BT Web security flaw allows anyone to mess about with your account

BT allows third parties to change your BT line options with only your phone number, postcode and a lie in a check box.

A vulnerability in BT's payment system makes it possible for anyone to alter an account that doesn't belong to them. While the damage is limited to adding or removing BT services to the line, consumer tips site Bitterwallet, which discovered the flaw, points out that you could cost someone hundreds of pounds by opting to pay up-front for a phone line, or by adding extra services.

The security flaw appears to be of the same ilk as the "Are you 18?" verification systems on various video sites, which are as useful as a chocolate teapot. By ticking "I am the account holder" and supplying the phone number and postcode -- that's right, a postcode, something freely available to anyone online -- you can make changes.

This is different to the regular BT account sign-up, which requires that you provide extra information, such as an account number and address. Which is the minimum security we think is reasonable for something that could cost you money. After all, there's no reason for most people to check their monthly bills for extra options being added by a random third party.

Alarmingly, no one at BT seemed to care when Bitterwallet tried to raise the issue with them, although we don't know what methods the site used to get in touch. Anecdotal evidence from a thread on Hot UK Deals, which is directly connected to Bitterwallet, suggests that one user tried to call BT to lodge a complaint, and was fobbed off with a fake reference code. It's one thing to have a problem with your website security, but it's quite another to not attempt to fix it when notified.

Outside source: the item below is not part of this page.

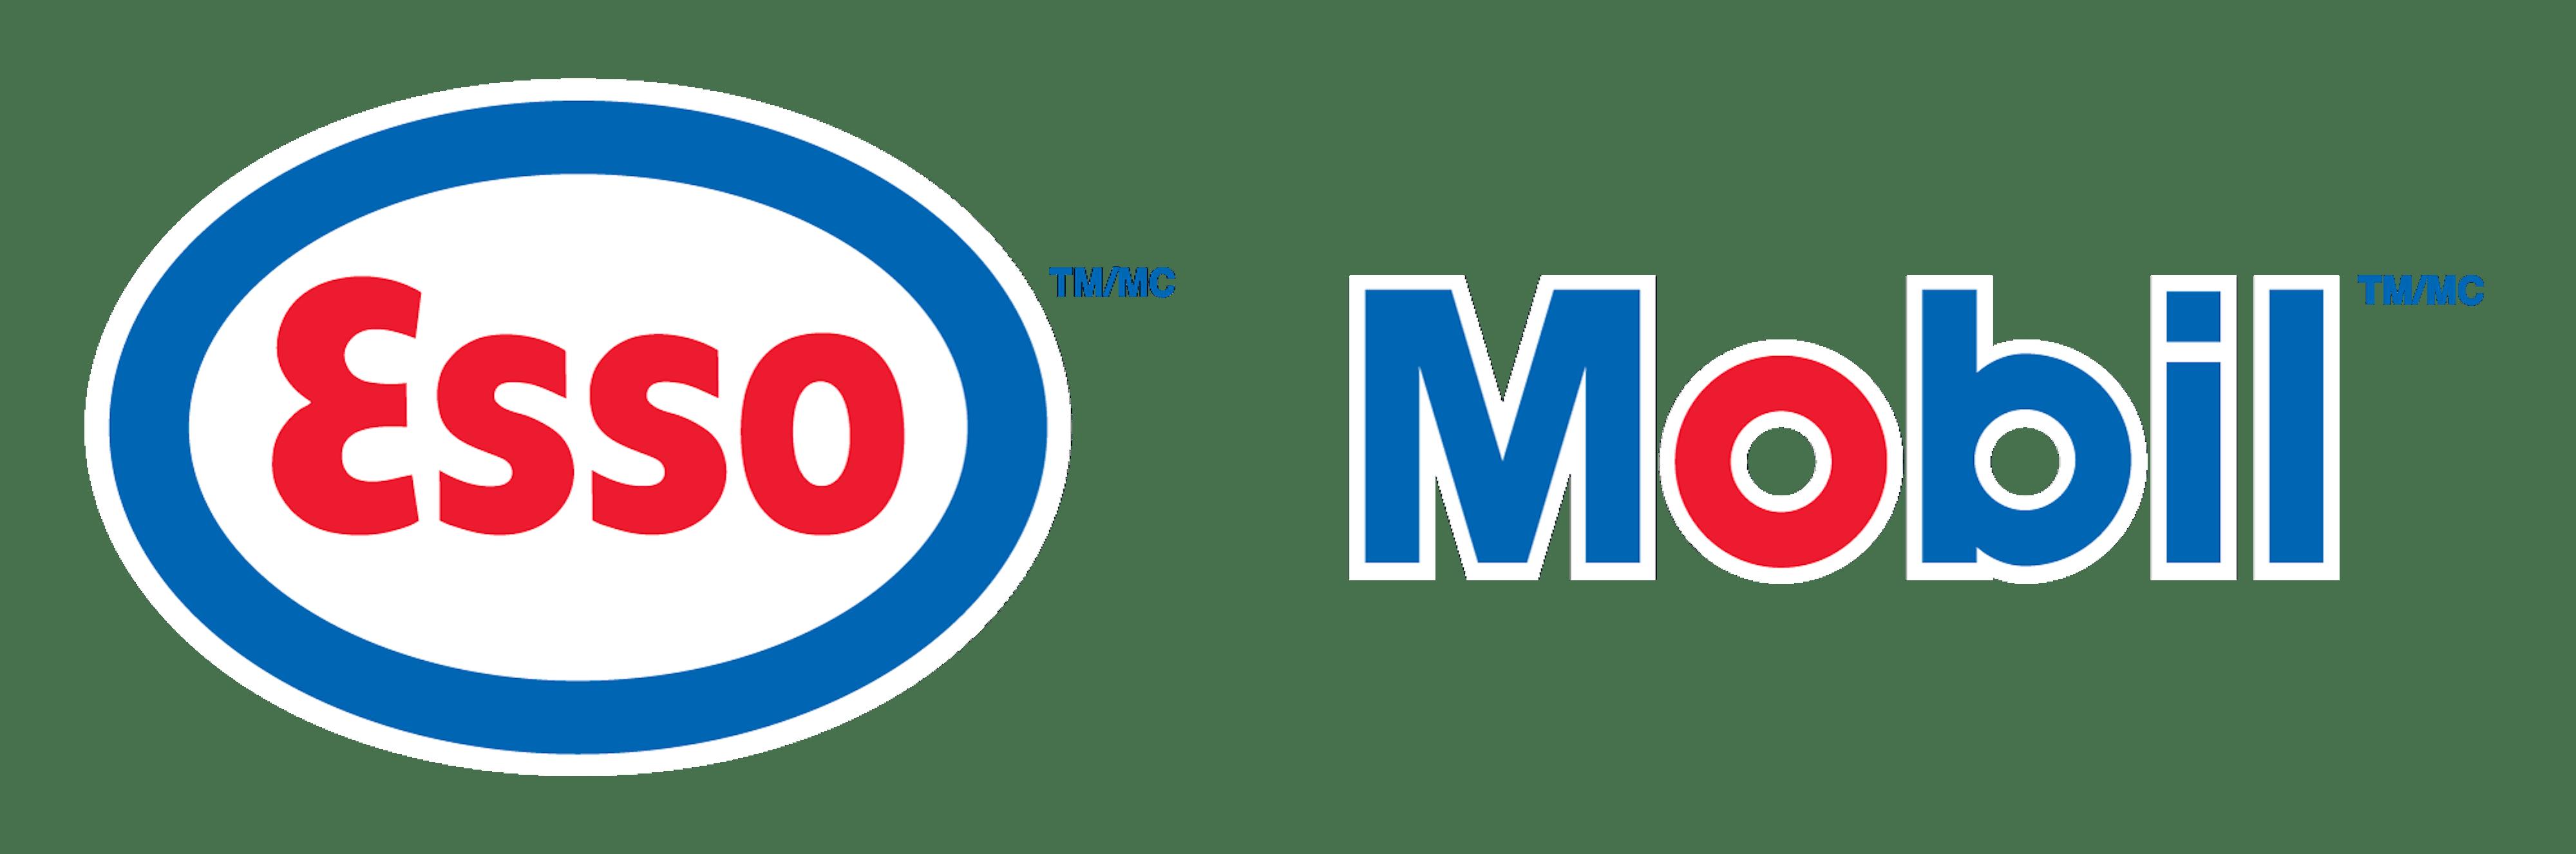 Esso™ and Mobil™ e-Gift Card

Crave has tested this, to some extent, and it works, although we stopped short of making alterations to anyone's phone line -- and we did know the person whose line it was.

Update 16 November: BT responded to our request for comment, confirming that some changes can be made to accounts by third parties.

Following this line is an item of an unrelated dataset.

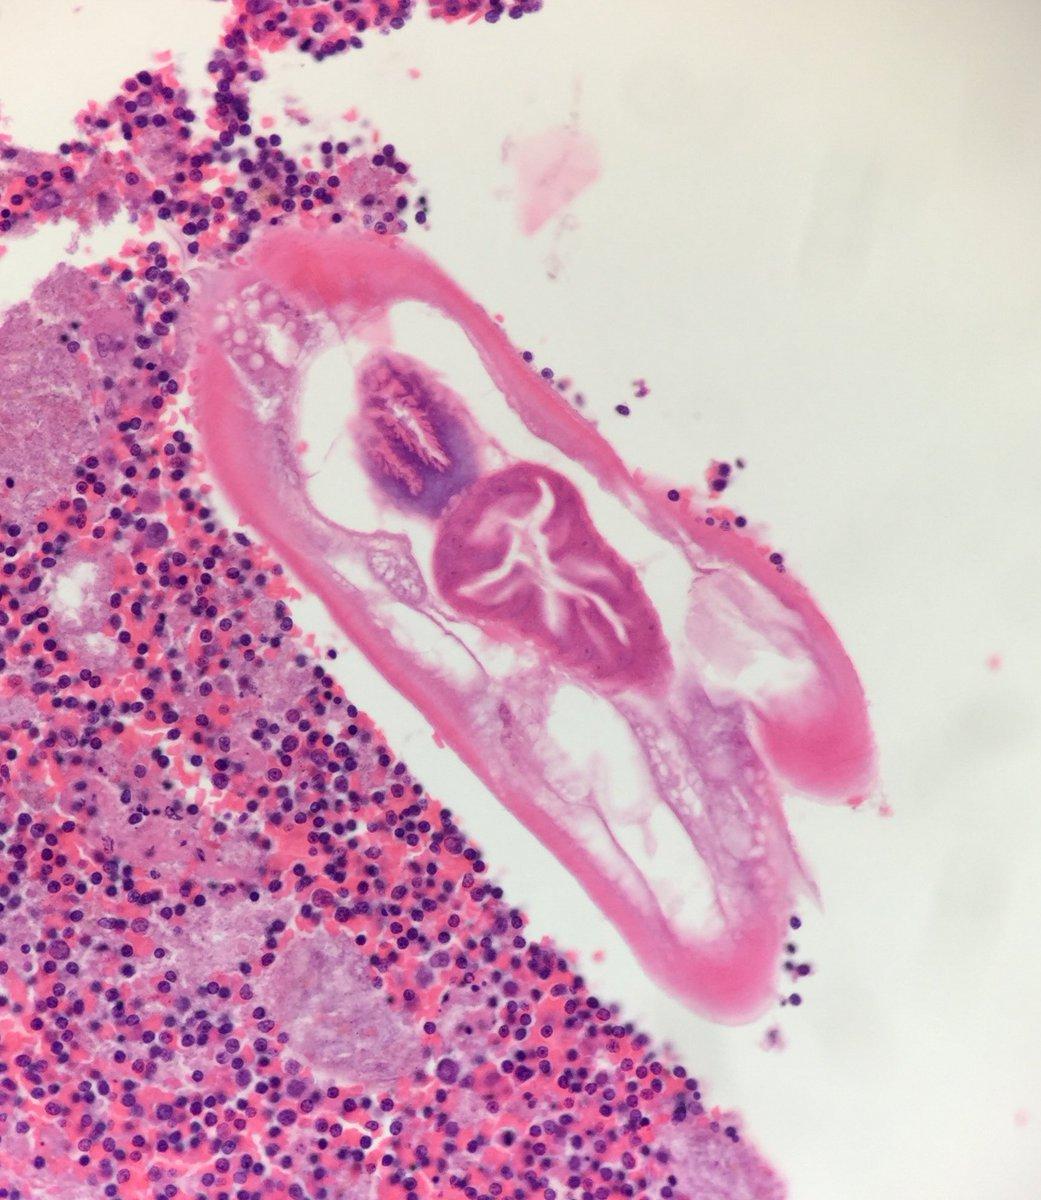 enterobius vermicularis histology)

"We want to make online account management as easy as possible for customers," a spokesperson told us. "In order to add items to accounts we ask customers for their telephone number and postcode. Customers are automatically notified of any change to their account using previously agreed, preferred contact details via letter or email.

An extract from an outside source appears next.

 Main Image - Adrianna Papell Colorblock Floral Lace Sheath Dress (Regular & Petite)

"If a customer who receives a notification believes, for whatever reason, that they have not made any addition to their account, we would investigate and arrange a cancellation if required."

When asked about billing a year in advance to someone's account, the spokesperson told us you'd need to pay by credit card for that particular service. You can, however, make smaller changes without paying on a card.

So there you have it -- it is possible to tamper with accounts, but BT will rectify the problem if you raise it with them. Notifying people by letter or email is fine, but we don't know why the company allows these changes without proper security precautions.

The word "investigate" is ambiguous too -- it implies that the outcome might not always be in your favour. While we take BT at its word when it says it'll reverse any unwanted alterations, anyone who's ever spoken to BT customer support will know they're in for a world of frustration trying to explain the problem to someone in a call centre on the other side of the world.

What do you think? Does BT's response make sense, or make you more angry?